Strengthening competitiveness of Vietnamese coffee
In order to develop the coffee industry sustainably, relevant firms need to incorporate deep processing into their development strategies.
Vietnamese agro export items, such as rubber, tea, cashew nuts and pepper, have registered growth so far this year, both in terms of volume and value , in comparison to the same period of 2016. However, coffee saw respective annual declines of 22.5% and 3.8%, by 1.27 million tonnes and US$2.9 billion in the first 11 months of 2017, according to the Ministry of Agriculture and Rural Development (MARD).
These figures are not surprising, as they are an inevitable implication of the numerous shortcomings and weaknesses that have existed for years in the coffee industry. In the manufacturing and processing section, old coffee accounts for a high proportion, seriously affecting the productivity and quality of products. Furthermore, there is a lack of professionalism regarding coffee harvesting, preliminary processing and processing technologies in a number of key specialised cultivation areas, including the Central Highlands and Southeastern regions. Although known as the second largest coffee exporter in the world, Vietnam mainly exports raw coffee at low prices.
Over the past few years, Vietnam’s coffee industry has made use of its outputs to create a competitive advantage. However, with the falling productivity and lower yields at present, that competitive advantage is decreasing as a result. Meanwhile, the replanting of coffee to improve productivity and product quality is not an easy task. In 2013, the MARD kick-started a coffee replanting programme, but the re-cultivation area is now only 40%, which is mainly due to the lack of investment capital and limited access to preferential loans.
In recent years, coffee prices have seen many fluctuations against the producers, while domestic coffee growers are not very interested in re-cultivation investment in the context that various other crops generate higher incomes. Even, in many places, people have cut down their coffee trees and switched to other crops. The risk of a sharp decline in the coffee cultivation area is threatening the development of the entire industry.

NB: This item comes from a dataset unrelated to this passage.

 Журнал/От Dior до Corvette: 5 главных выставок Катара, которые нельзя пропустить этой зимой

In order to develop the coffee industry sustainably, the functional sectors need to be more drastic in removing any difficulties for the growers, as well as the businesses involved in processing and exporting coffee, alongside the provision of special support mechanisms in terms of capital, science-technology and re-planting facilitation. Particularly, focus should be put on removing the any obstacles in accessing the State’s support policies.

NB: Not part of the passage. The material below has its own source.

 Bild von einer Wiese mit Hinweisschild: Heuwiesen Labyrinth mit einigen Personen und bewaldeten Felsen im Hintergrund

Firms need to incorporate deep processing into their development strategies, whilst gradually moving from the export of raw coffee beans to the export of roasted, ground and instant coffee. As the export value improves, it will have a positive impact on people’s lives, therefore enhancing the producers’ awareness of the improvement of product quality. At the same time, it is necessary to set up organisations in charge of input and output services, in order to support the people, create a linkage chain in the coffee sector, as well as support export companies in trade promotion activities and the search for consumer markets.